Digital cameras are killing off the 35mm film format (and it already killed Polaroid film), but it has been a boon for medium-format film photography. Digital cameras, cheap scanners and the proliferation of information on the net means it is easier than ever to work with medium-format film. The continuing popularity of Holga, Diana and other toy medium-format film cameras is of course helping as well. According to photography store people in both Osaka and Stockholm (yes, two of them, total), both new and used medium format equipment has seen increasing sales for the past few years while 35mm is tanking. If you stay away from the big Brand names (Rolleiflex, Hasselblad), you can still find inexpensive and very capable used equipment.
My experience with the Yashica so far - after one roll of film - has been very positive. The camera is entirely manual of course, but easy to use; loading and unloading film, for instance, was no problem (just search the net for lots of instructions and tips). There's a light meter built in, but I've ignored it in favour of my digital camera. I use it as a light meter and "polaroid camera" for test shots. Once I'm happy with what the digital camera is showing me I can switch to the Yashica for the real shot. With only 12 pictures per roll you tend to take your time and really think things through before taking a picture. I'm certainly getting more images I'm happy with than I do with a digital camera.
They look a little silly, but lowrider bicycles are apparently fairly popular among a segment of young people here. This one is outside Sam and Dave's on sakaisuji street. Click on the image for a larger size, and you can find the full size on my Flickr photo stream.
Two things stand out with this camera: the viewfinder and the shutter. It has a glass focusing screen at the top - a big, beautiful focusing screen - that is just like having a digital camera live view, but without all its drawbacks (this really is live, after all, not recorded and shown on small screen). The viewfinder has a pop-up hood; in it is a small magnifying loupe you can flip up to check the focus precisely. The shutter is a leaf shutter (it's in the lens, not in front of the film), so it's almost silent, very fast, and produces no vibrations at all. And if you want to use flash (there's a flash socket on the camera) it will sync up to the maximum shutter speed.
There are drawbacks of course, but no serious ones. First, the viewfinder is flipped "left-to-right". As you look into the screen, it's the right side up, but your left side is on the right and vice versa. So when you want to see more of the left side of the image you need to turn right. Rather disorienting at first and takes a little while to get used to, but no big deal.

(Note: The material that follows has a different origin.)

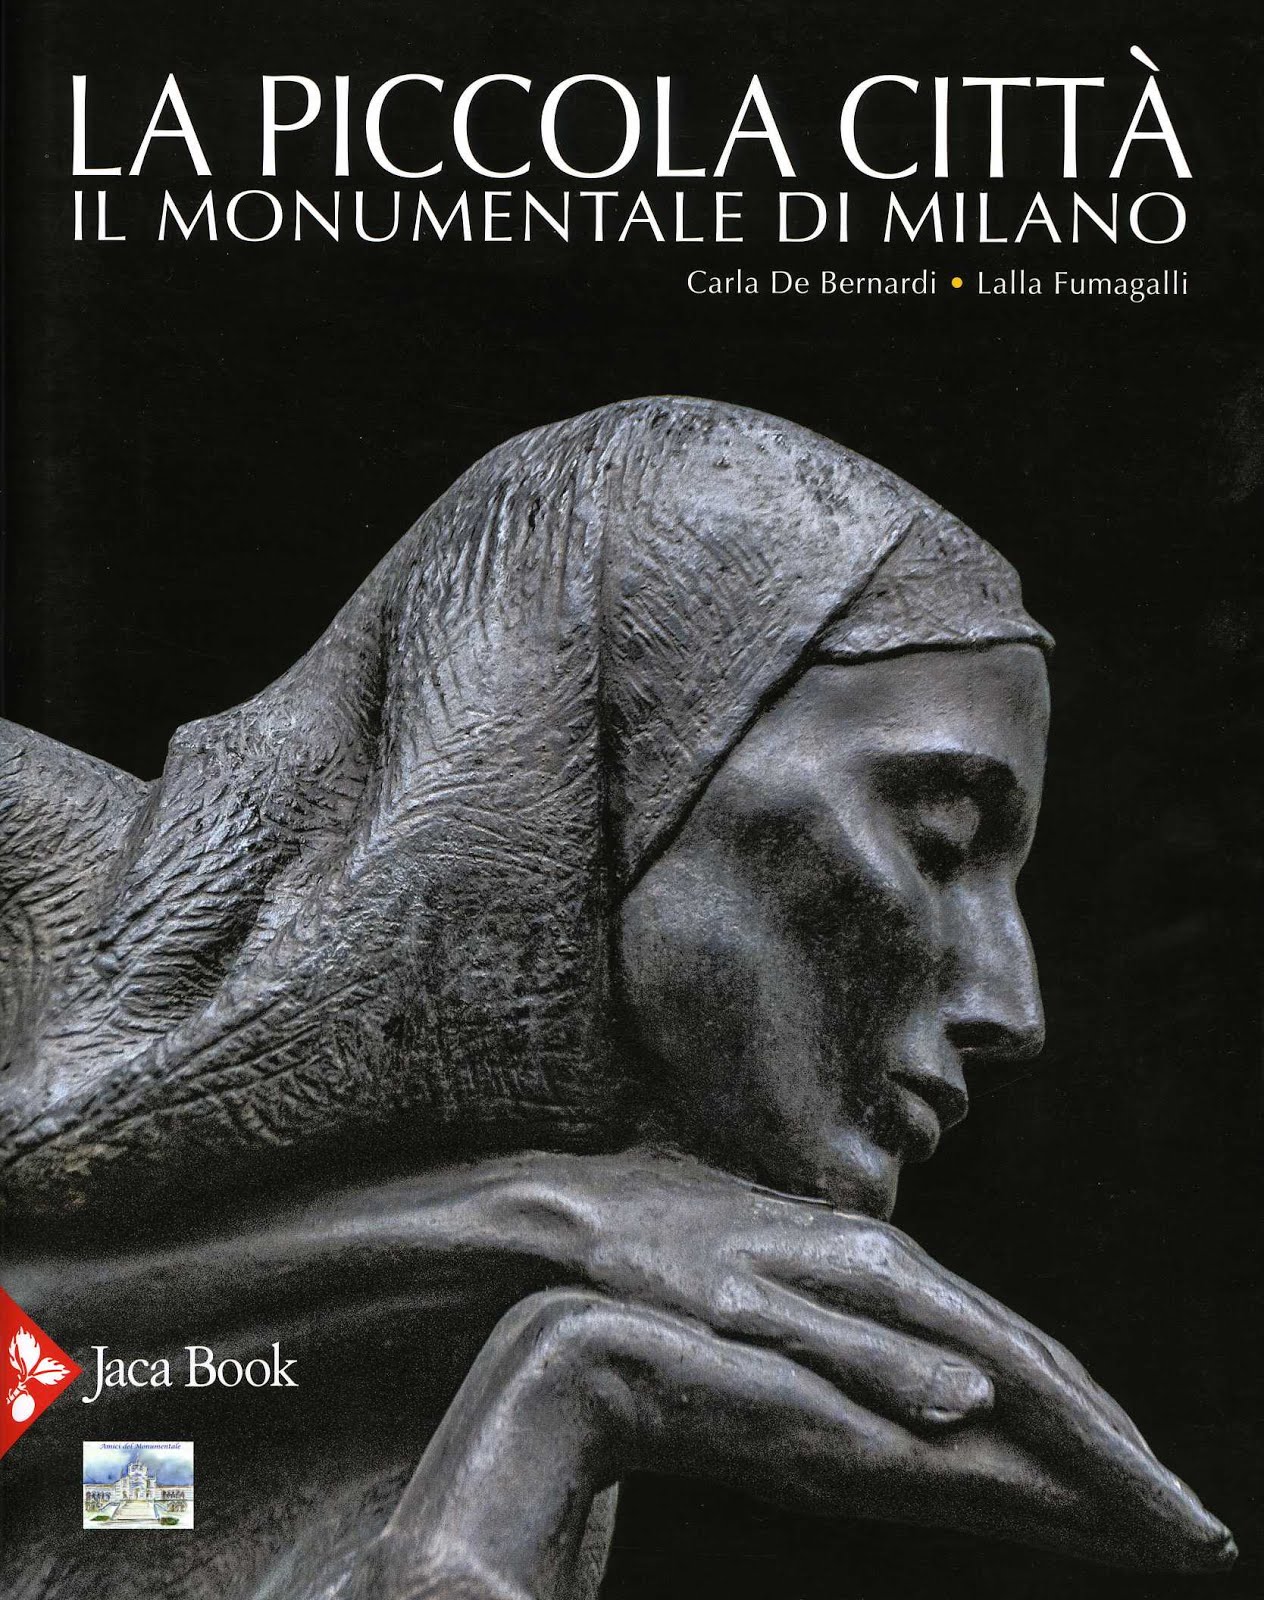 28 10 Museo Civico Casale Monferrato presentazione volume “La Piccola Citt  – Il Monumentale di Milano”

Using a separate camera to meter means you can't really react when the light changes quickly (the rain image below suffers from this); but then, this isn't a camera made for quick snapshots. The lens on the Yashica is quite good but has a few flaws. It's somewhat soft until you stop it down a fair amount, it has a tendency to flare (I need to get a hood, I think), and corners are quite fuzzy and smeared out (check the bottom corners in the bicycle image).
The rainy season - Tsuyu - is still going strong, creating fast-changing light as the weather whips back and forth between sort-of sunny and pouring rain. Film is better than digital at adapting to it, but there are limits of course.
With a camera bag over your shoulder and peering down a TLR hanging off your neck, you're not exactly Mr. Invisible. People know you're there and they know you have a big, old camera pointed at them. Nevertheless, it seems to be really good for street photography. While people easily notice you, they don't seem to be bothered by the camera the way they are with a DSLR and big lens, and the way you hold the camera means you naturally get a lower, more pleasant perspective on your subject.
Using film is not a problem either. It took me a month or so to use up my first roll, and that was with half the frames taken to test the camera. One roll is 250 yen and 500 yen to develop for a total cost of around 750 yen. Which, per month, is nothing I'd worry too much about. I could develop myself and save a bit, but really, why bother? I scan on an old flatbed scanner with a film holder (CanoScan D2400); we have a newer scanner at home but it has film holders only for 35mm, not medium format. And yes, you do want a scanner with a holder and overhead light; scanning film using the flatbed directly doesn't work.
The original scans are at 2400dpi; at that resolution the image is somewhat blurry - due to the scanner or the lens - so I downscaled them to half linear size. I could scale them larger than that, but I really don't need images that big anyway.
Hi, I've enjoyed reading many of your posts! I am headed towards Osaka in the next couple days. Is there a store you would recommend that carries cheap medium format holga-like cameras there?
ReplyDeleteHmm. You see the Holga and likes here and there (and more often than not in design stores and such, rather than camera shops), but I'd say the price is pretty much the same everywhere.
ReplyDeleteI'd go to Yodobashi Camera in Umeda; they are sure to have them. Naniwa camera in Shinsaibashi may have them as well.
But if I were you I'd skip the Holga or Diana. For a similar lo-fi effect, I'd get an old medium-format box camera instead. Cheaper, more robust and with way more street cred. Just be sure you get a 120-format camera, and ask people in the store to show you how to load film and use it before you leave, to avoid a frustrating first few times.